Subject lines for mobile inboxes must be shorter—and better—than those you’ve labored over for your desktop versions. You not only have less space on that tiny screen: You have less attention span too, as people hurriedly triage their emails on their phones.

These subject lines have to shine. There’s no way around it. And how do they shine? They’re more compelling, more relevant, more concise…more honest.

Honesty is always the best policy when it comes to subject lines, but more so on mobile where not only attention spans are shorter, but tolerance levels too. In addition to honesty, you want your mobile email subject lines to be short and sweet, while compelling people to open your emails. You also want your subject line to be tied to the email content/offer, to make a promise that the body of the email delivers on.

Open-bait, like Clickbait, is aimed at generating revenue at the expense of relevancy or accuracy and relying on sensationalism to attract opens.

“But won’t a tricky subject line get me that open so I can sell?” asks a marketer somewhere. It may get the open, but not the love.

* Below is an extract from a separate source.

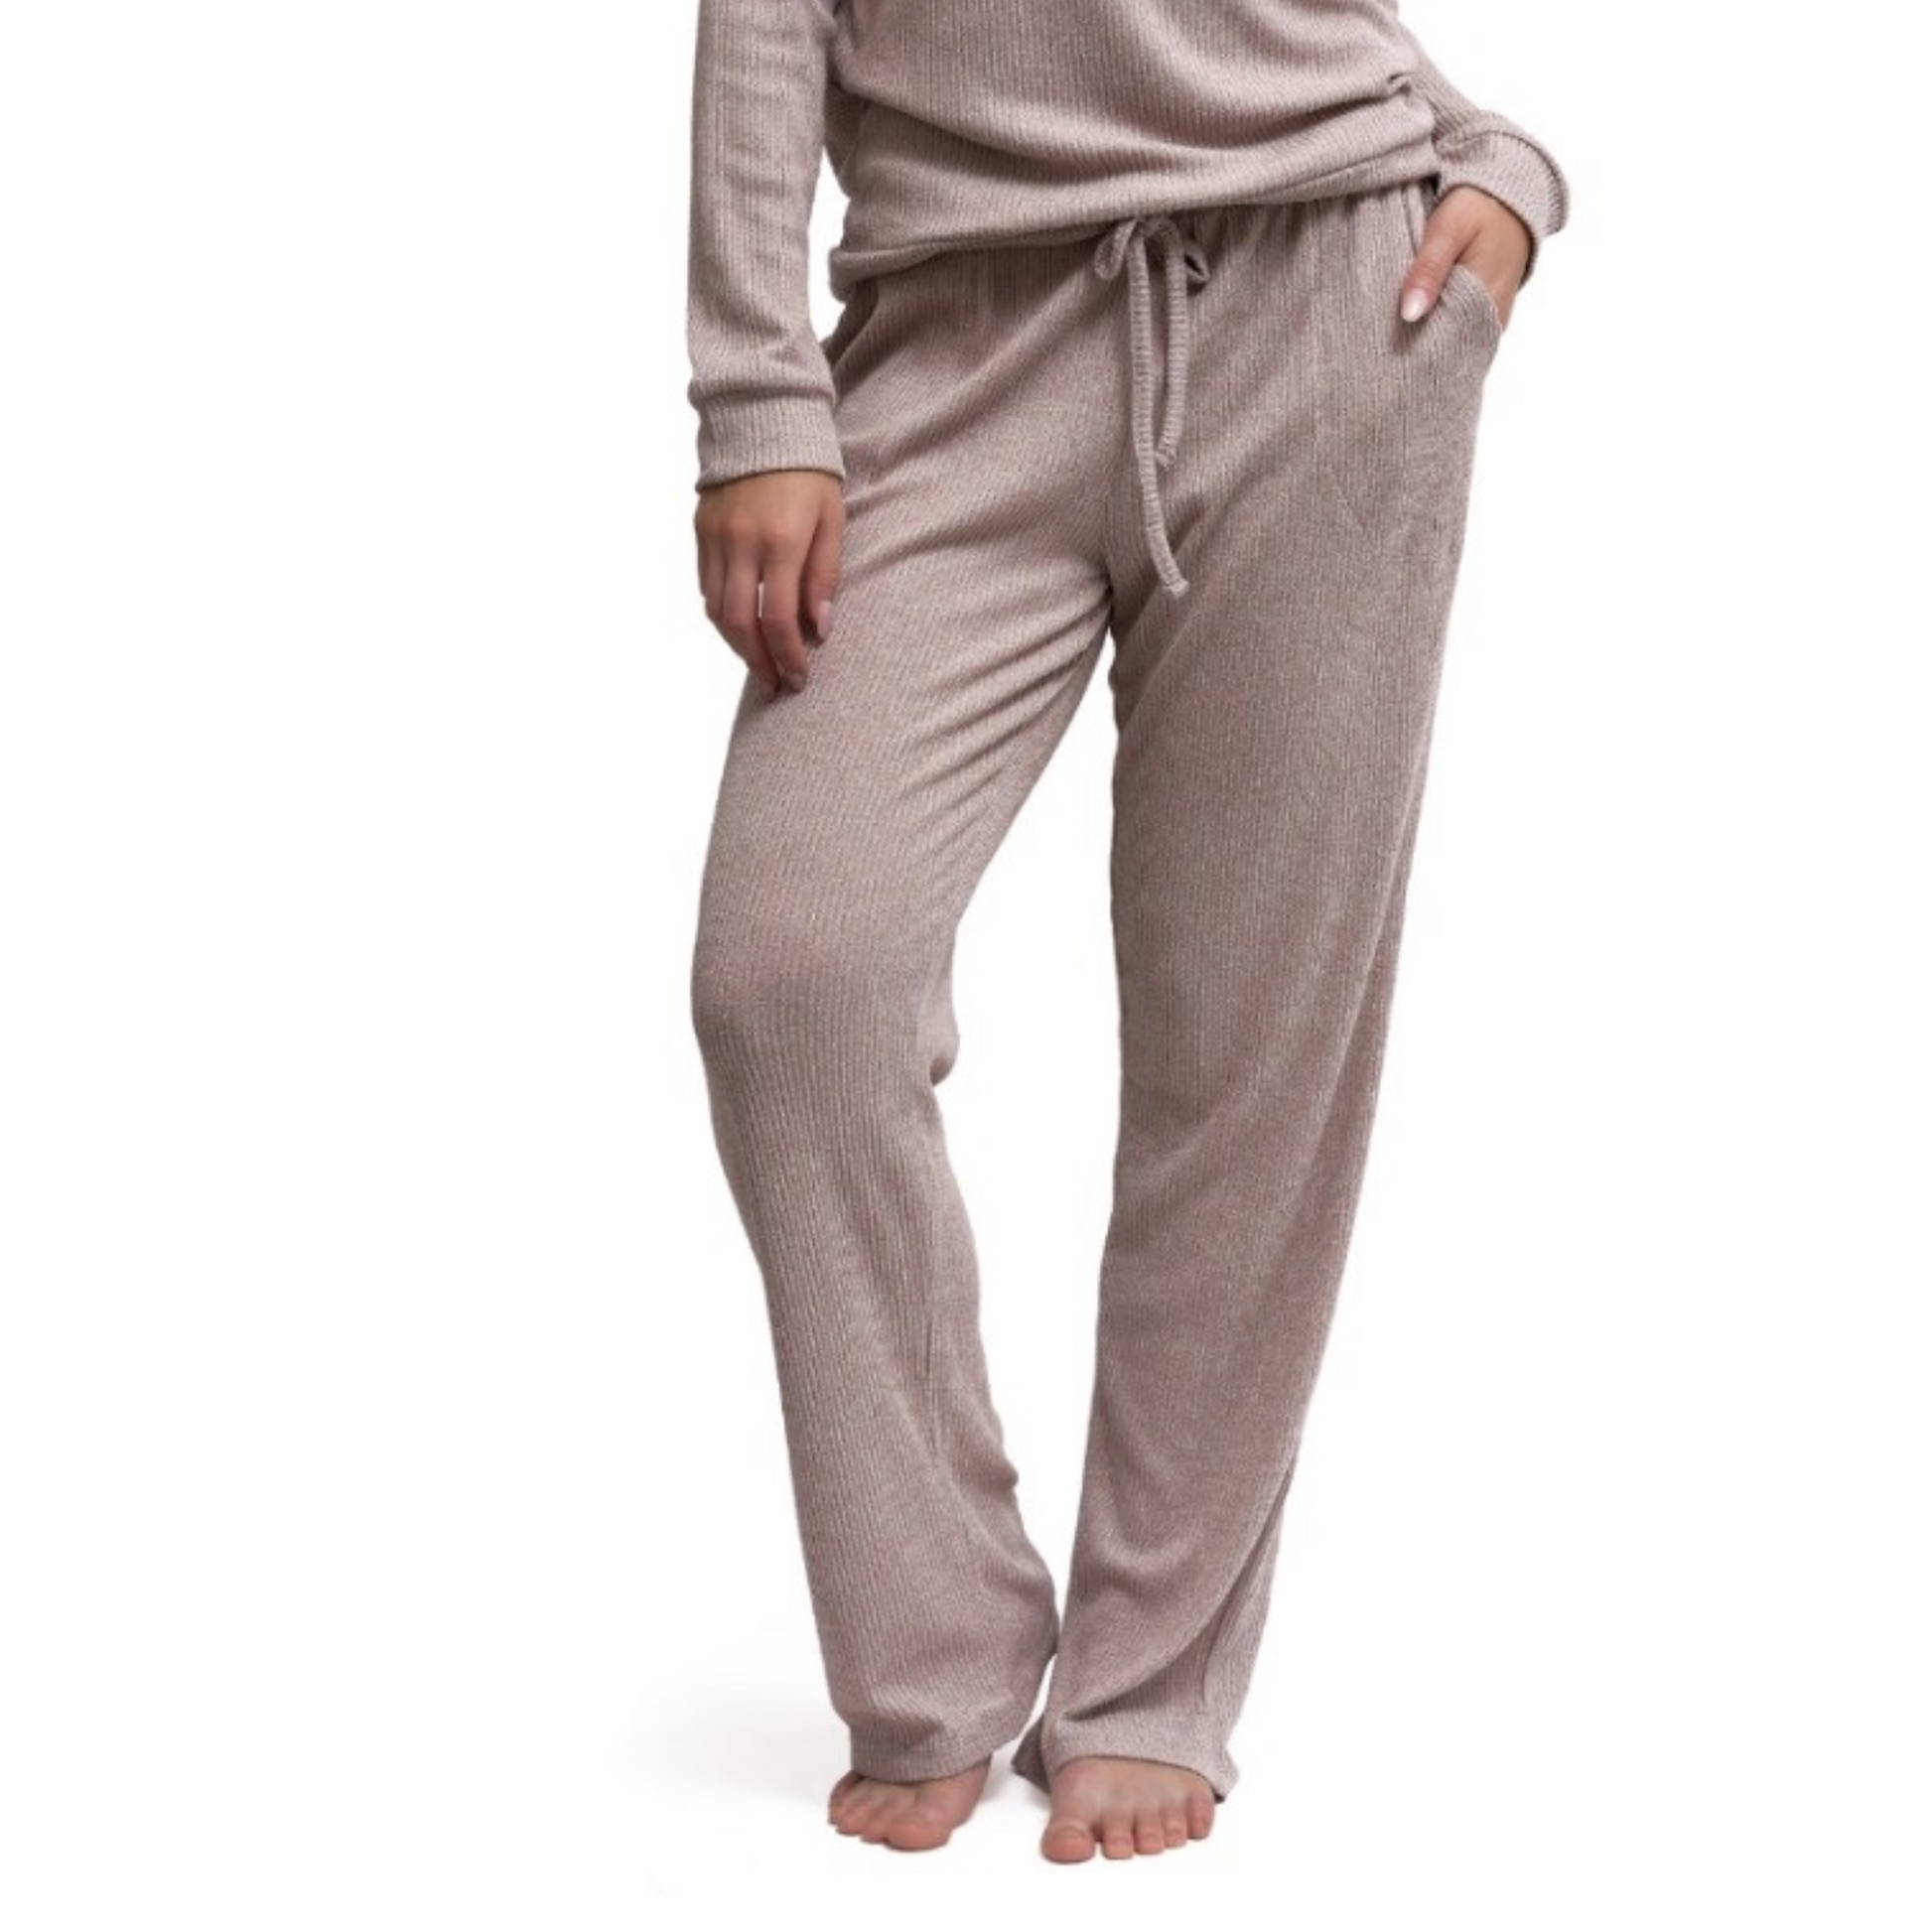 Our Cuddle Blend Lounge Pants are designed with both comfort and style in mind. These pants are crafted with a dreamy, soft fabric and available in pink and grey. The Cuddle Blend Lounge Pants can be paired with matching cardigans and tanks.

Why open-bait is to be avoided

There’s a difference between a creative subject line written to compel someone to open your email, and open bait which is trickery—and mean. Sure, you’ll get some opens. But you know what else you’ll get? Pissed off people, annoyed that you just wasted their time. Damage to your brand now that you’ve shown you can’t be trusted. And possibly a few unsubscribes or spam reports as well.

Is that worth it? I think not.

I’m not saying your subject lines have to be straightforward and boring, not at all. You have plenty of free license to be creative and compelling. You can easily find all kinds of inspirational ideas for subject lines that will get you writing intriguing subject lines without ever crossing that line from tempting to trickery. And you can easily test to see which kinds of subject lines work best with each of your audiences.

I’m just saying don’t trick anyone into opening your email.

Two of the worst subject lines I’ve seen lately are,

  • “Hi, You’re Fired.”
  • “Are you mad at me?”

Both of these used open-bait tactics. And neither email was worth opening. Which pisses people off. Are you seeing the point here? Open-bait only opens the door to ire.

A well-done subject line, that shines on a mobile device, without resorting to trickery is a thing of gold…and might just be worth gold too, as it generates opens, click-throughs and conversions in the short-term and long-term.